Photo of Samuel Teixeira
Samuel Teixeira
FPP
Software Engineer (Frontend - Nuxt/Vue)
Apr 2025 → May 2025

TSW.ai - The Student World AI Landing Page in Nuxt 3

Owned the implementation of a Nuxt 3 + Tailwind landing page (Hero, Features, and Chat CTA), structuring reusable sections and delivering a static site ready for AWS (S3/CloudFront) deployment.

Tech Stack

Nuxt 3
Vue 3
Tailwind CSS
pnpm
AWS S3
CloudFront

Key Metrics

14 commits (~82% of the repo in the slice)
7 active days
~10-day delivery (Apr 25, 2025 → May 5, 2025)

Summary

  • Delivery: a static marketing landing page for The Student World AI (TSW.ai) featuring Hero, Features, and a Chat CTA, plus a minimal UI kit to standardize layout and buttons.
  • How I unlocked speed: organized the UI into reusable sections and components (layout + UI) to iterate on design/copy without losing consistency.
  • Practical effect: a lightweight, backend-free page focused on conversion (CTA) and ready for static hosting.

In ~10 days, I delivered most of the landing’s frontend work (14 commits, ~82% of the repo in the extracted slice), prioritizing visual consistency and fast turnaround.

Context

  • Product and users: a marketing site to present TSW.ai and route users to the main app via CTA.
  • Why it mattered: it needed to be simple, stable, and quick to publish/update (copy and visuals) to support acquisition.
  • Architecture choice: intentionally static scope (SSR disabled) to reduce operational complexity in the short term.

Key Challenges

  • Turning “just a landing page” into a clean, maintainable structure (sections/components/styles) without overengineering.
  • Ensuring visual consistency (typography, buttons, spacing) with Tailwind and global styles.
  • Keeping it stateless: no API integrations, only links/CTAs and predictable performance.

What I did

  • Main page and sections: implemented the core structure and key sections (Hero, Features, Chat/CTA).
  • Componentization for rapid iteration: built reusable UI/layout components to speed up copy/design changes without visual regressions.
  • External links and navigation: wired CTAs and ecosystem links (main app, company site, social channels) consistently.
  • Project setup: Nuxt 3 + Tailwind + pnpm with static build output (SSR disabled).

Decisions & Trade-offs

  • Static site (SSR off) > SSR: simplest path for an acquisition landing page (lower complexity, more predictable deploy).
    Trade-off: gives up some SSR-specific SEO/render strategies, but the scope didn’t require them at the time.
  • Small reusable components > monolithic page: sections + a minimal UI kit to keep speed and consistency.
    Trade-off: more structure/files, but less rework and easier maintenance.
  • Script-based deploy (team) > CI pipeline: static publishing to S3/CloudFront via a scripted process.
    Trade-off: works, but relies on manual execution and local credentials.

Results

  • Measured (engineering): 14 commits (~82% of the repo in the slice), 7 active days, ~10-day delivery (Apr 25, 2025 → May 5, 2025).
  • Concrete technical proxies:
    • Landing page with three main sections (Hero, Features, Chat/CTA).
    • Minimal UI/layout kit for consistent buttons, modals, and structure.
    • CTA/link integration to the main app and ecosystem channels.
  • Operational impact: a backend-free foundation for fast copy/visual iteration, ready for static AWS hosting (via the team’s process).

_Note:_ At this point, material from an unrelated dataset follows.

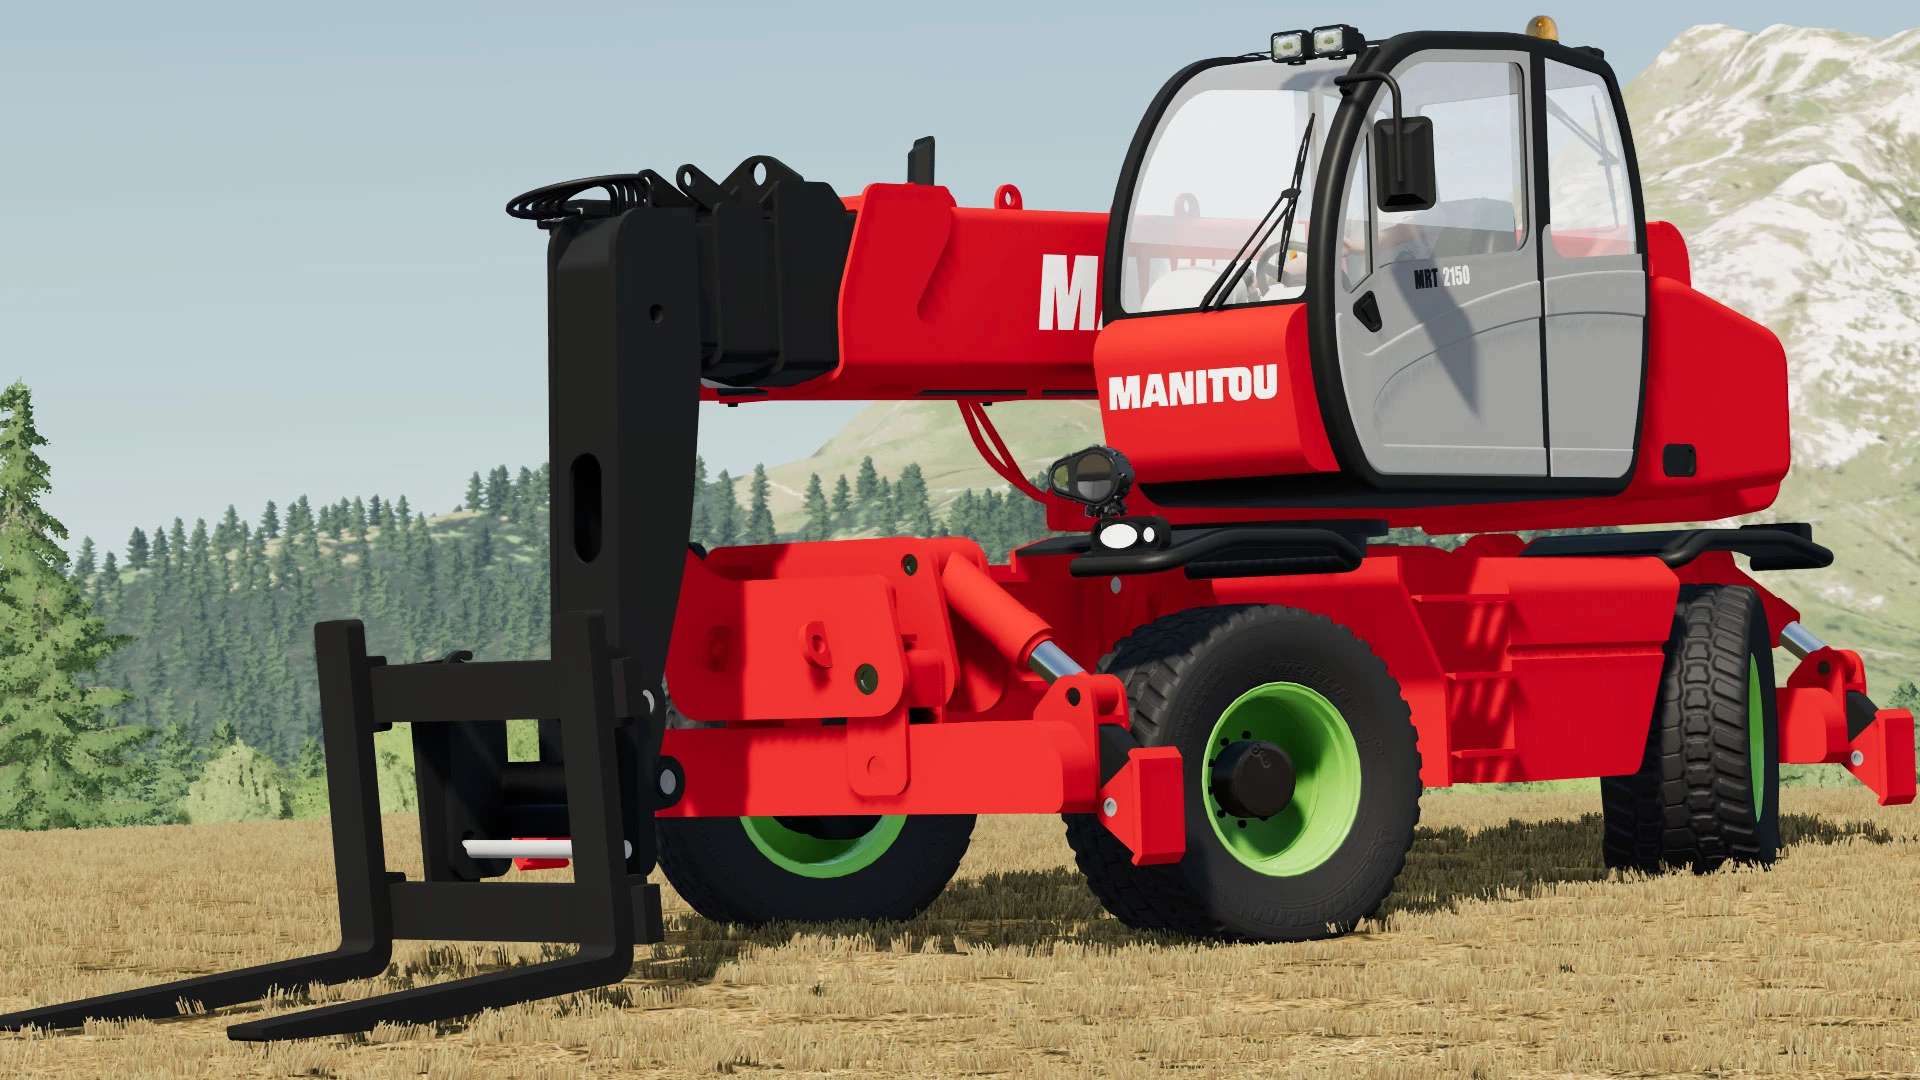 Manitou Mrt 2150 V10 Fs22 Farming Simulator 22 Mod Fs22 Mod 9691

Note: no automated tests or observability were configured in the analyzed slice.

What I’d do differently

  • Add minimal UI tests for critical components (Header/Footer/Modal/CTA) to reduce visual regressions.
  • Move manual deploy to CI (e.g., GitHub Actions) with preview/staging and automated invalidation.
  • Lightweight observability: CTA events and error tracking to measure conversion and catch issues early.